ACTIVITY: In the records below, repeat word for word only the lines starting at the one that contains "Boris Becker bei" and ending at the one that contains "Mann mit Hund in Küche", pictures excluded.

PROVIDED MATERIAL:
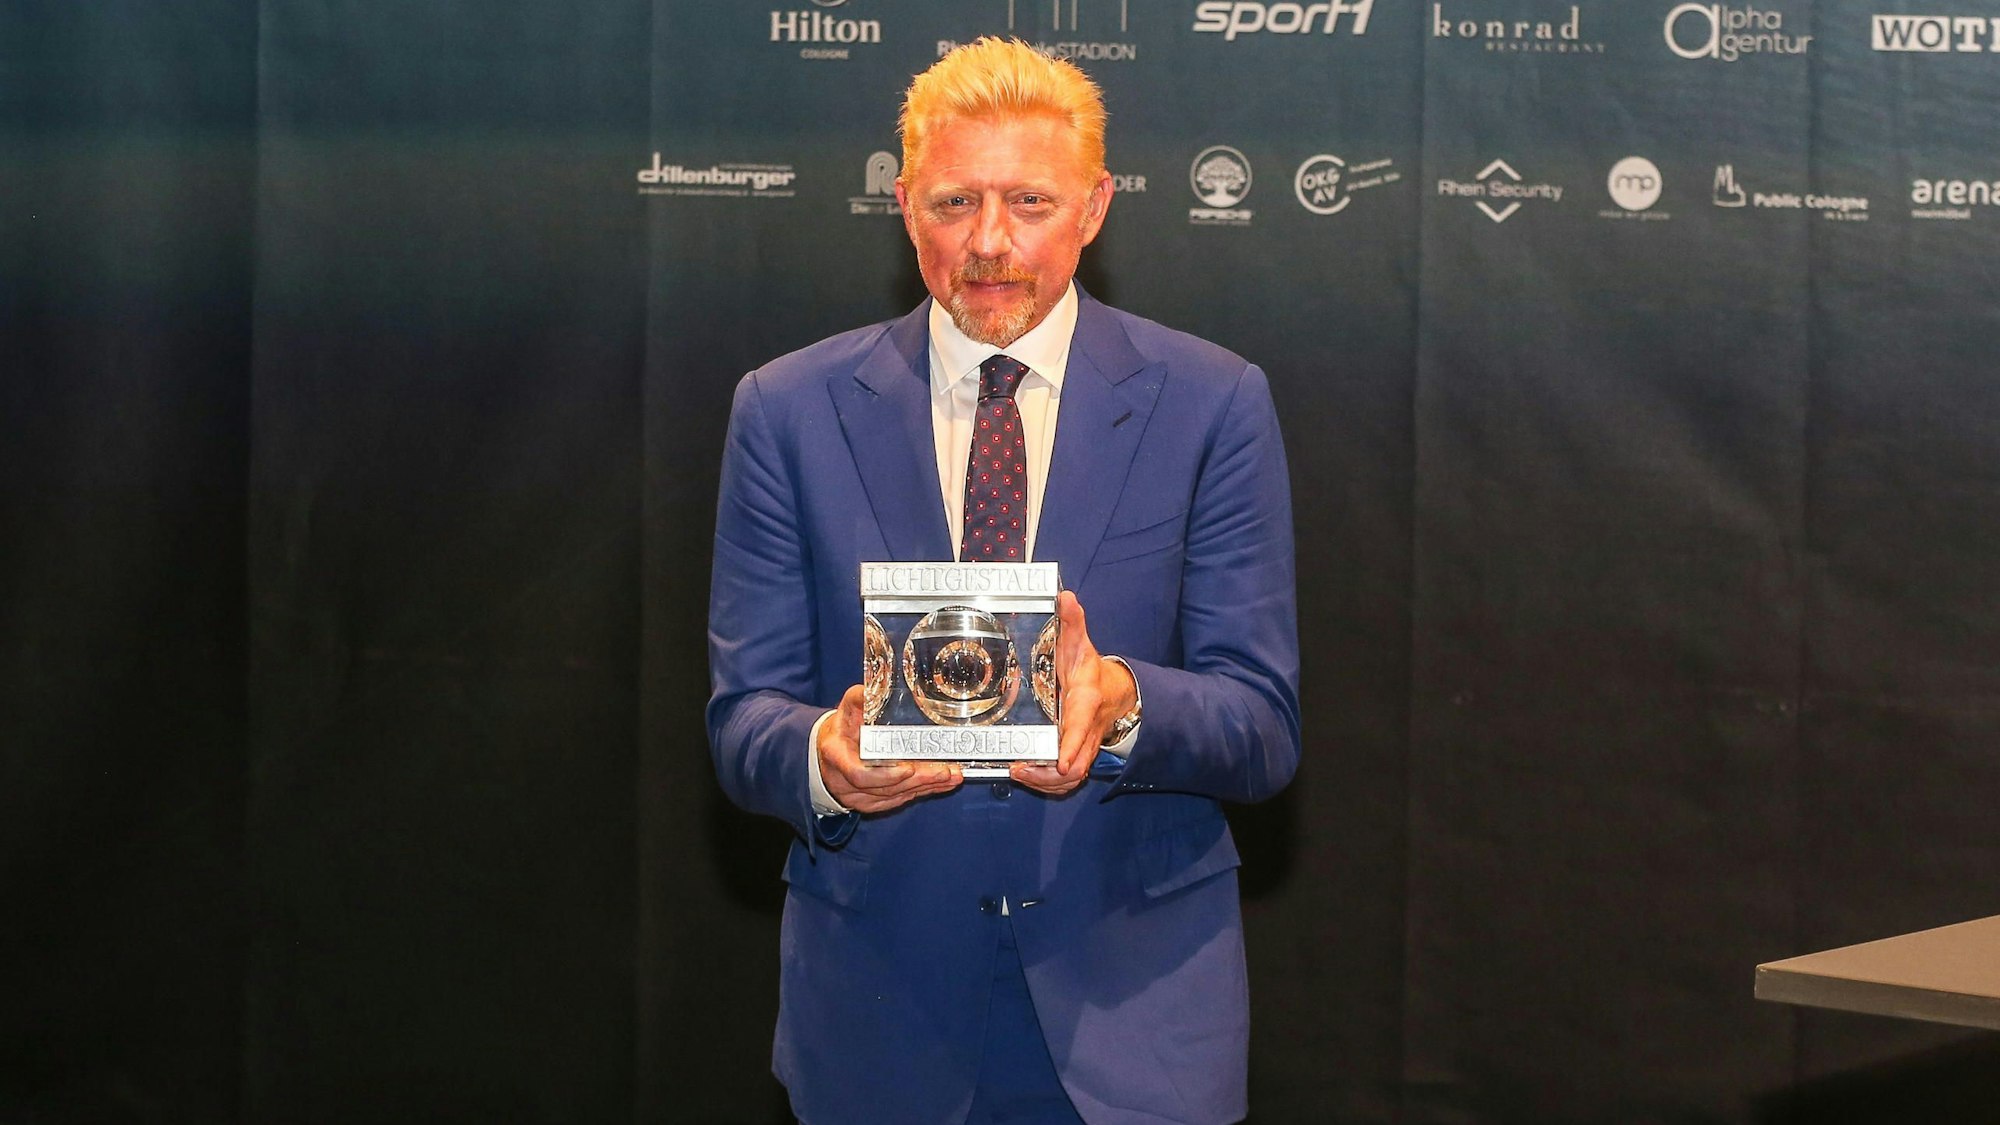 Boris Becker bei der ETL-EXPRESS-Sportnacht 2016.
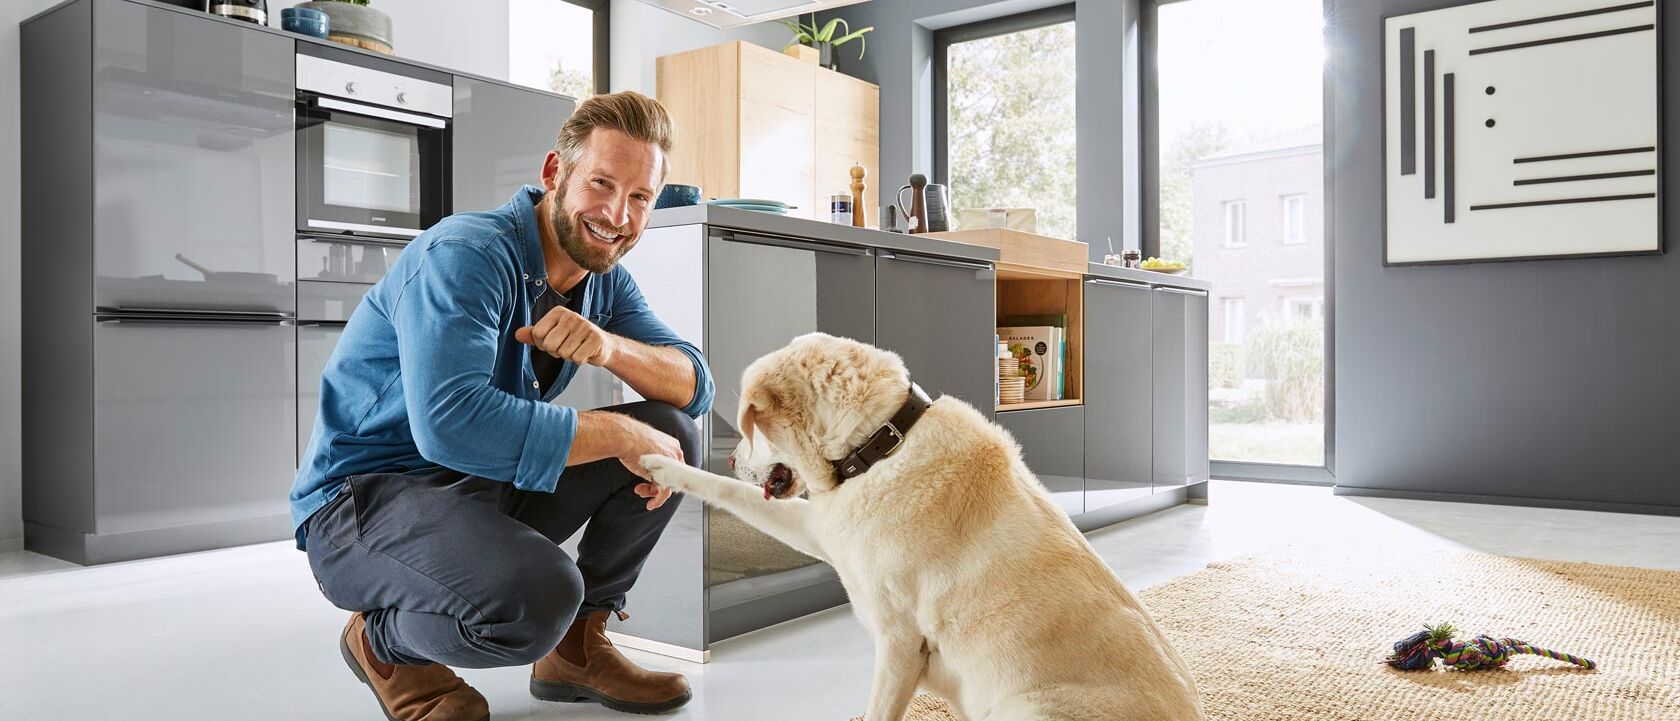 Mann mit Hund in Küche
--
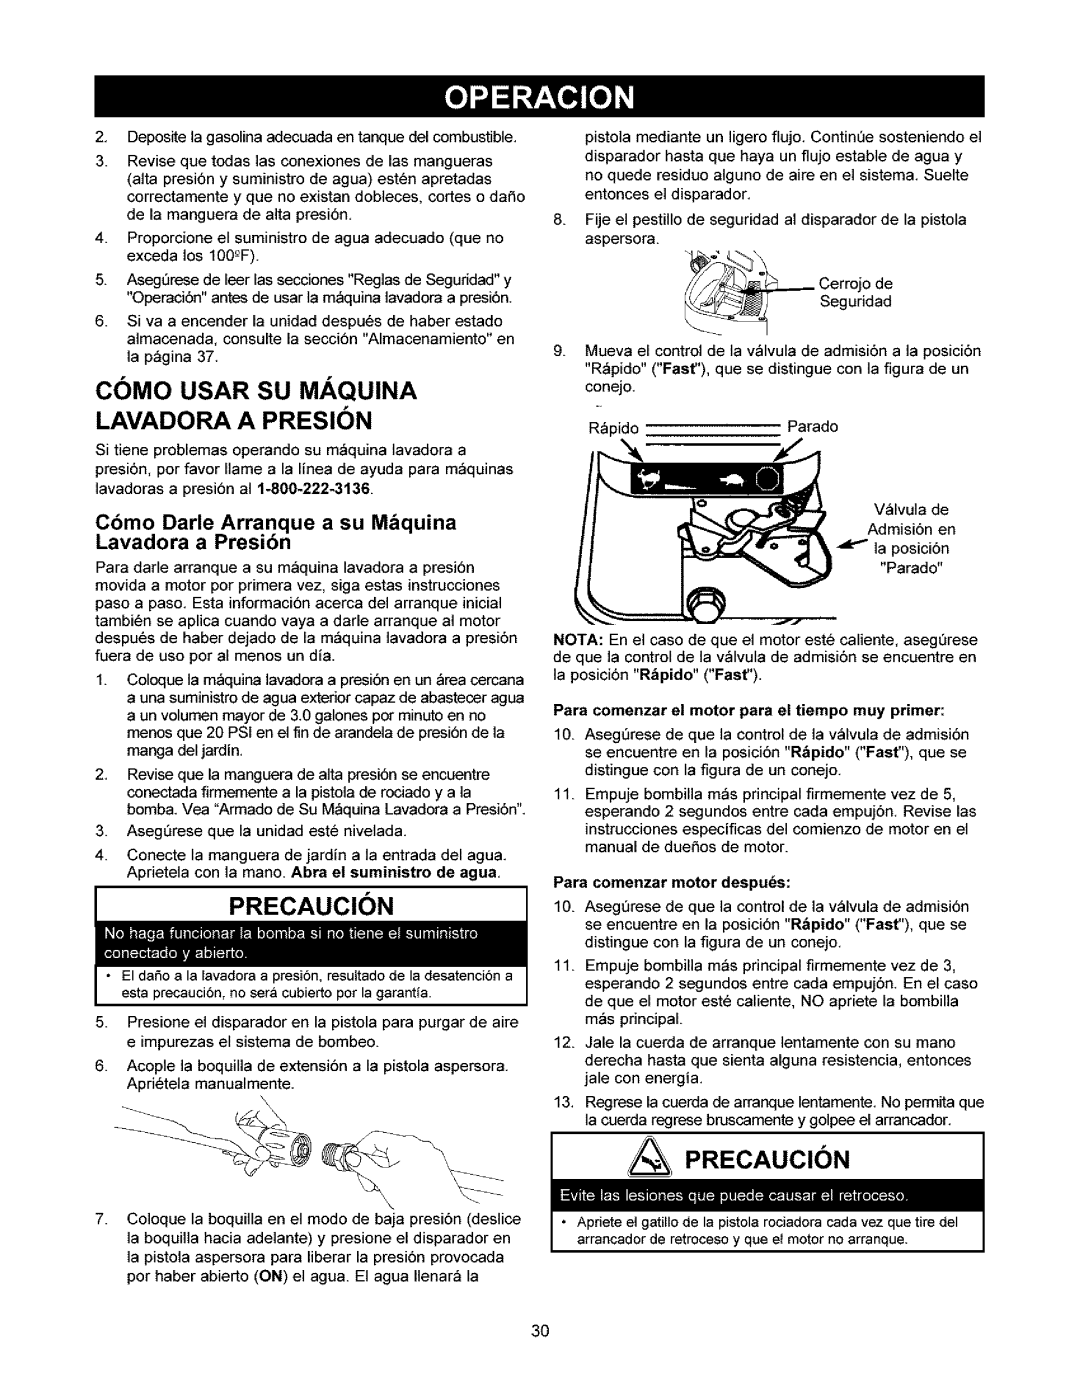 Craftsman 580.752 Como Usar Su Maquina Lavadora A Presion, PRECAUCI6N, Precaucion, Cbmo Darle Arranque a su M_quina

OUTPUT BELOW:
 Boris Becker bei der ETL-EXPRESS-Sportnacht 2016.
 Mann mit Hund in Küche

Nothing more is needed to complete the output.